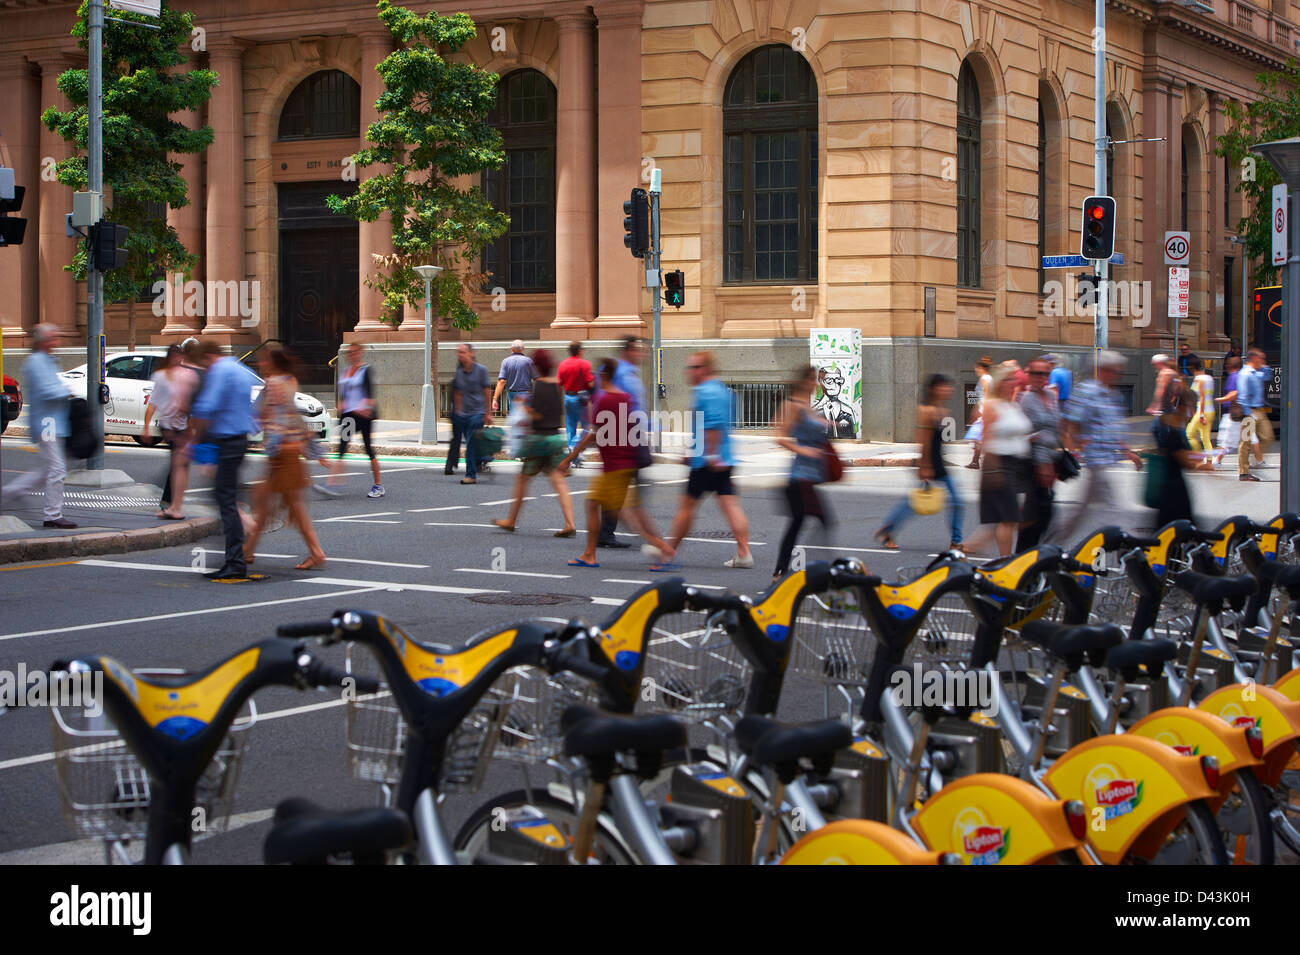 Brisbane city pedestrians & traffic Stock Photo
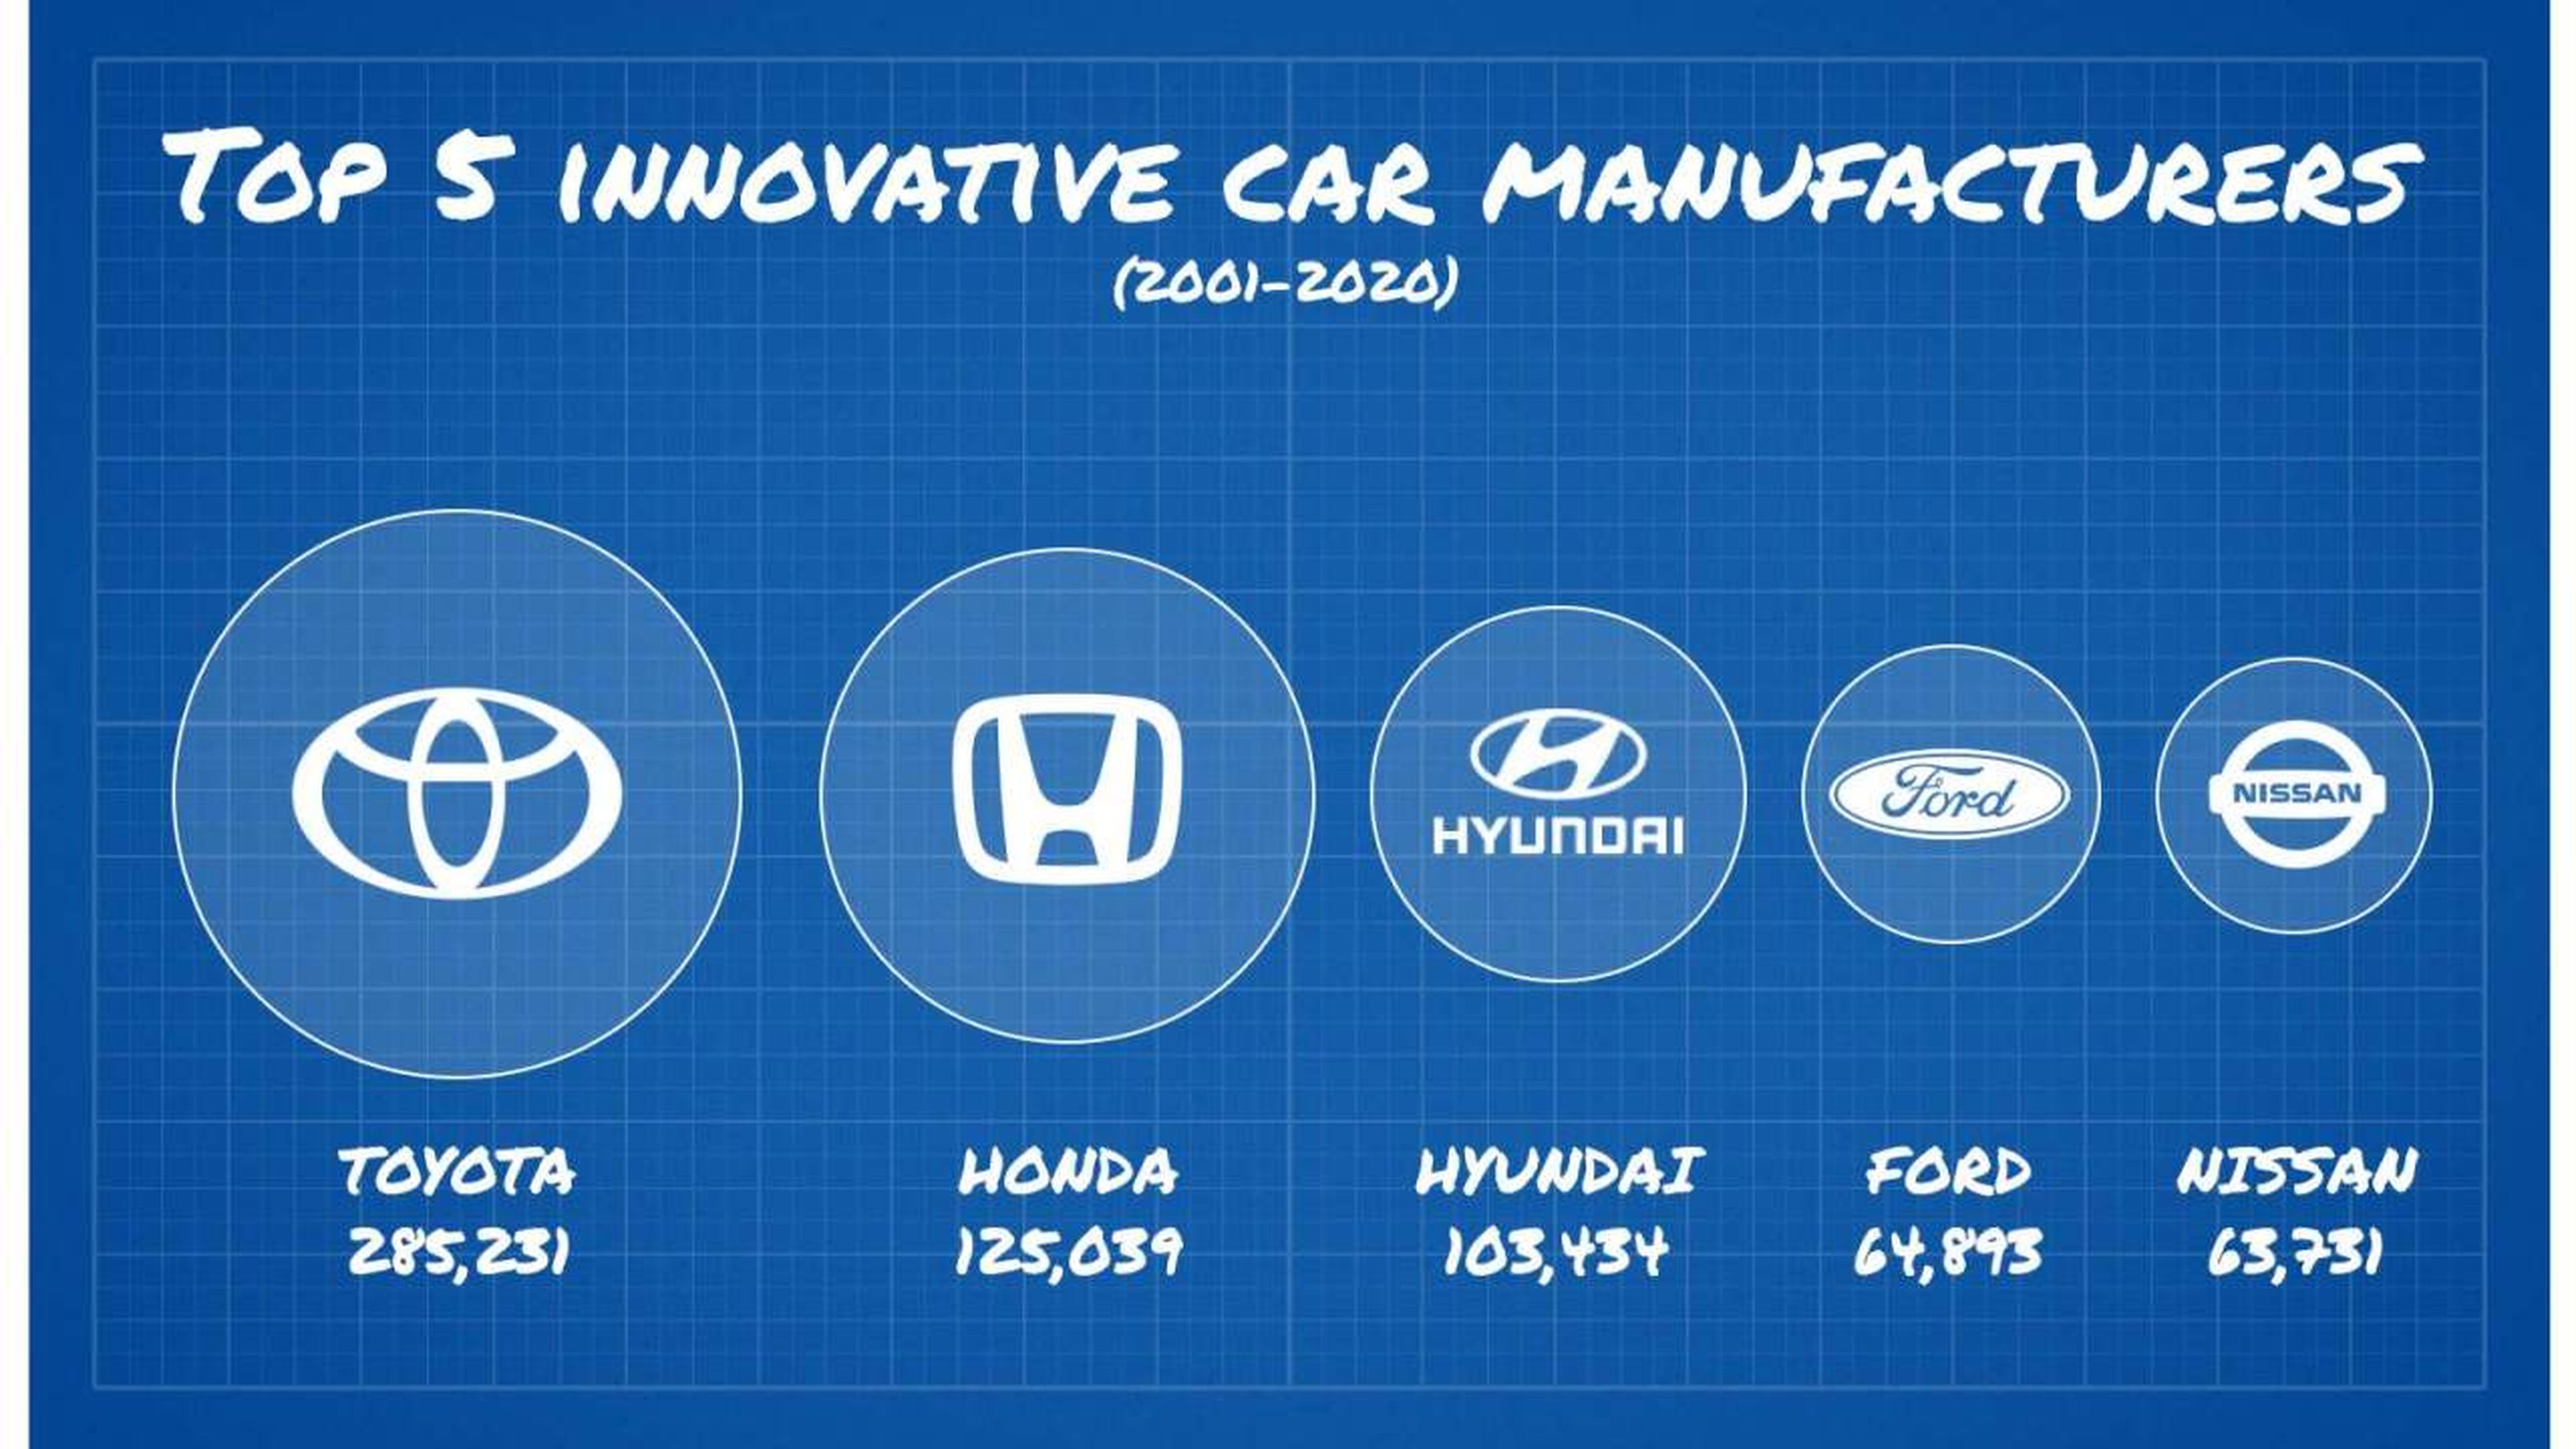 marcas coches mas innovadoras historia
----------------
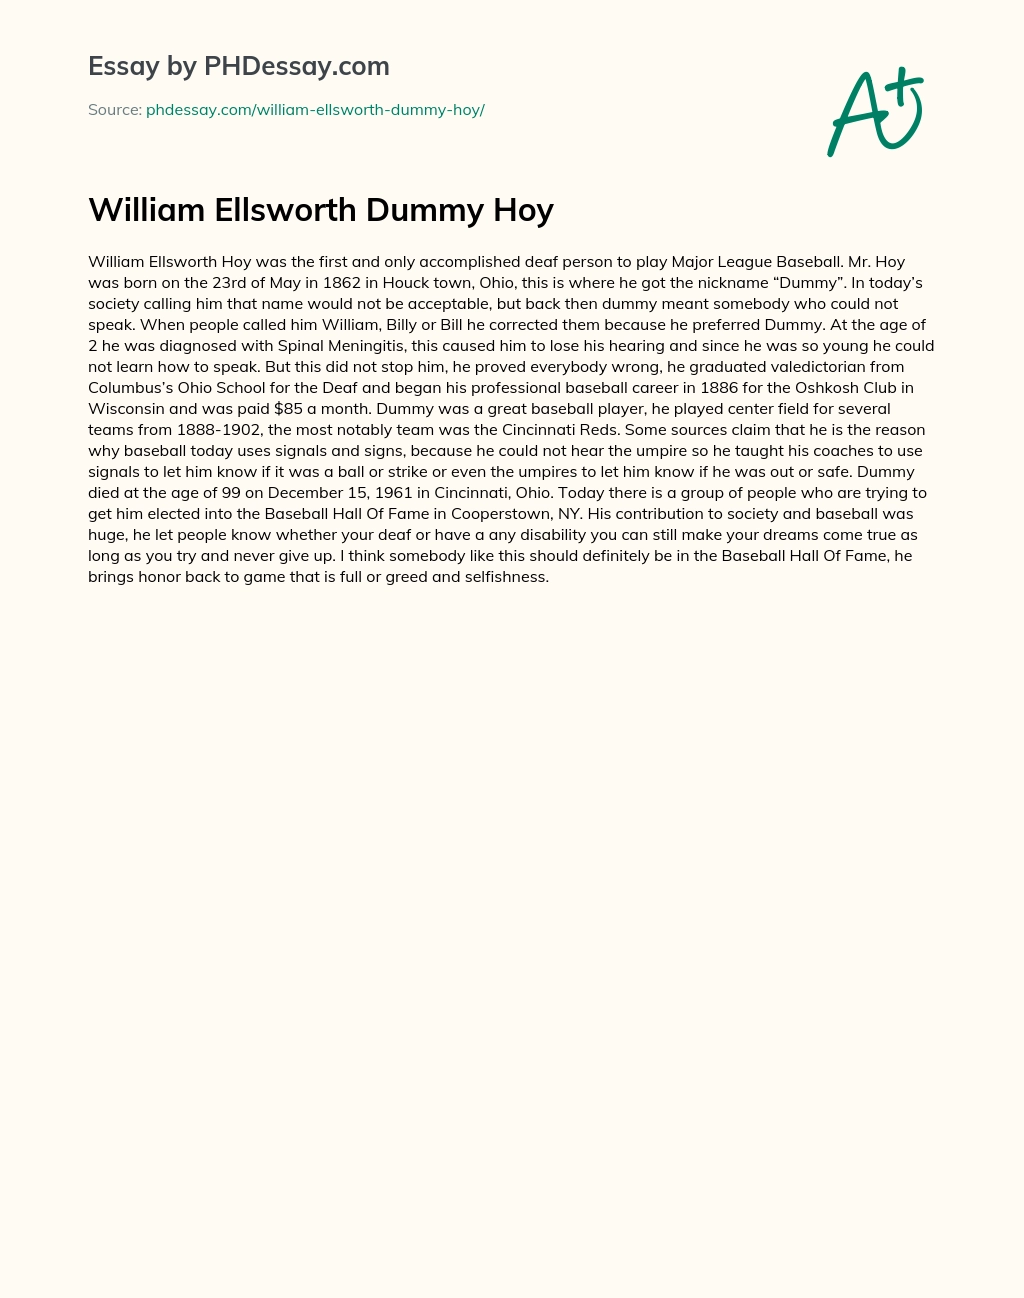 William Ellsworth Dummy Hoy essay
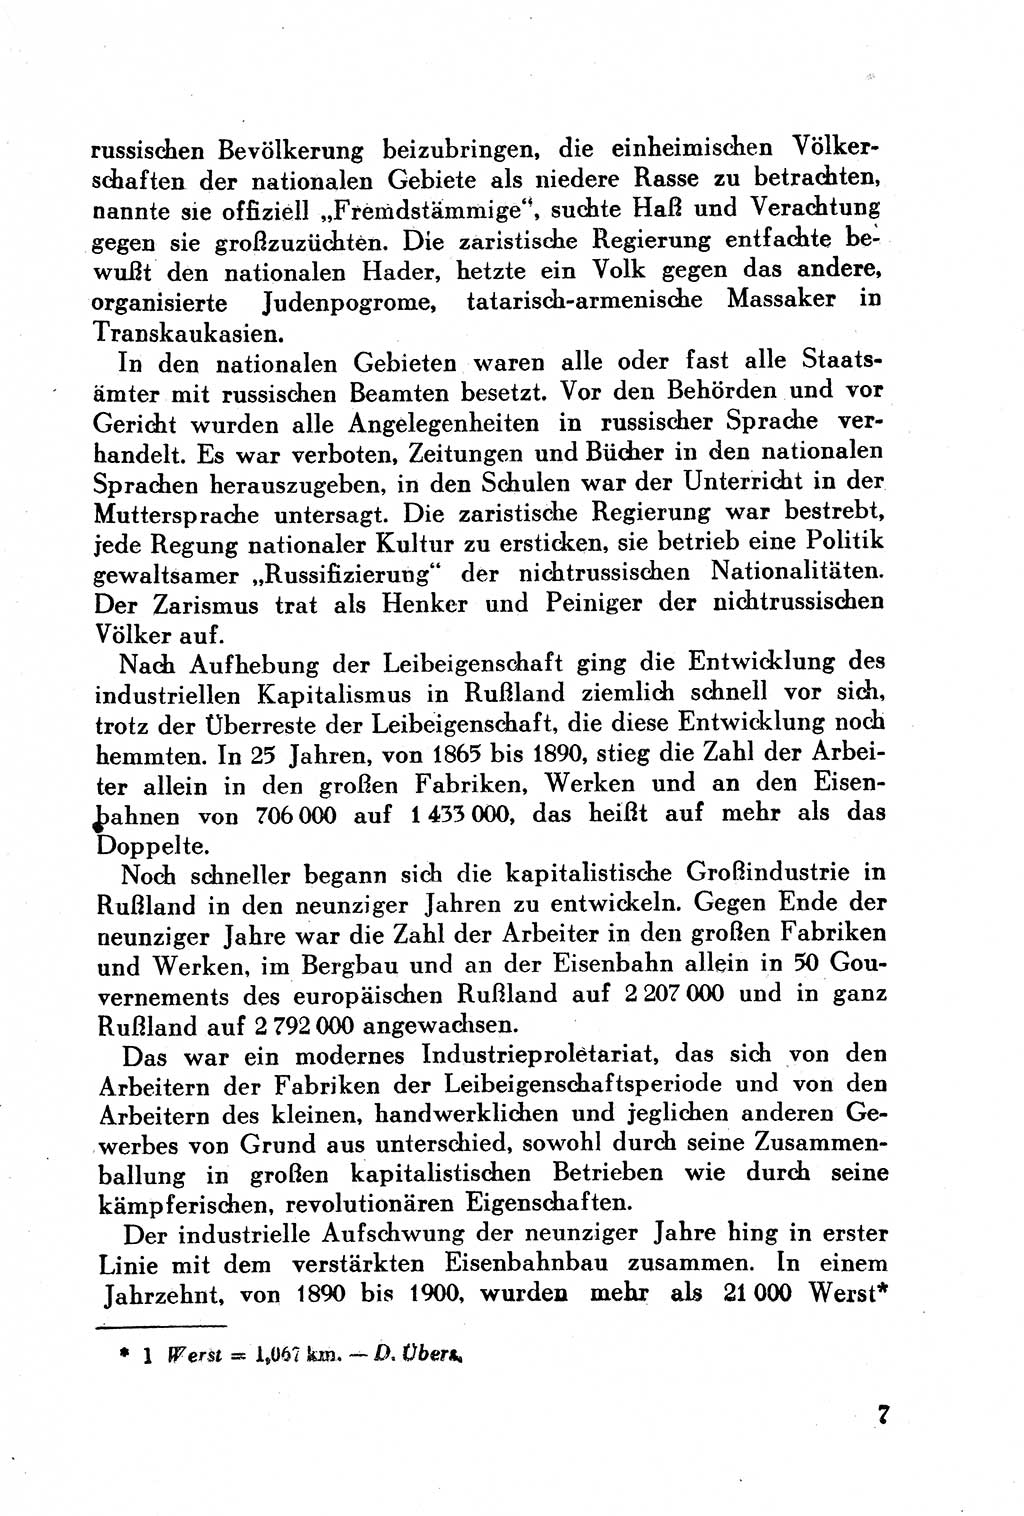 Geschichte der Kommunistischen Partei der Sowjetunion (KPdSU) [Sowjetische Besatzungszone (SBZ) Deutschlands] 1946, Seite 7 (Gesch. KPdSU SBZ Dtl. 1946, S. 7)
----------------
Exercise brief. Transcribe only the lines above that start at the line containing "William Ellsworth Dummy Hoy essay" and end at the line containing "Geschichte der Kommunistischen". Omit pictures.

Your response.
 William Ellsworth Dummy Hoy essay
 Geschichte der Kommunistischen Partei der Sowjetunion (KPdSU) [Sowjetische Besatzungszone (SBZ) Deutschlands] 1946, Seite 7 (Gesch. KPdSU SBZ Dtl. 1946, S. 7)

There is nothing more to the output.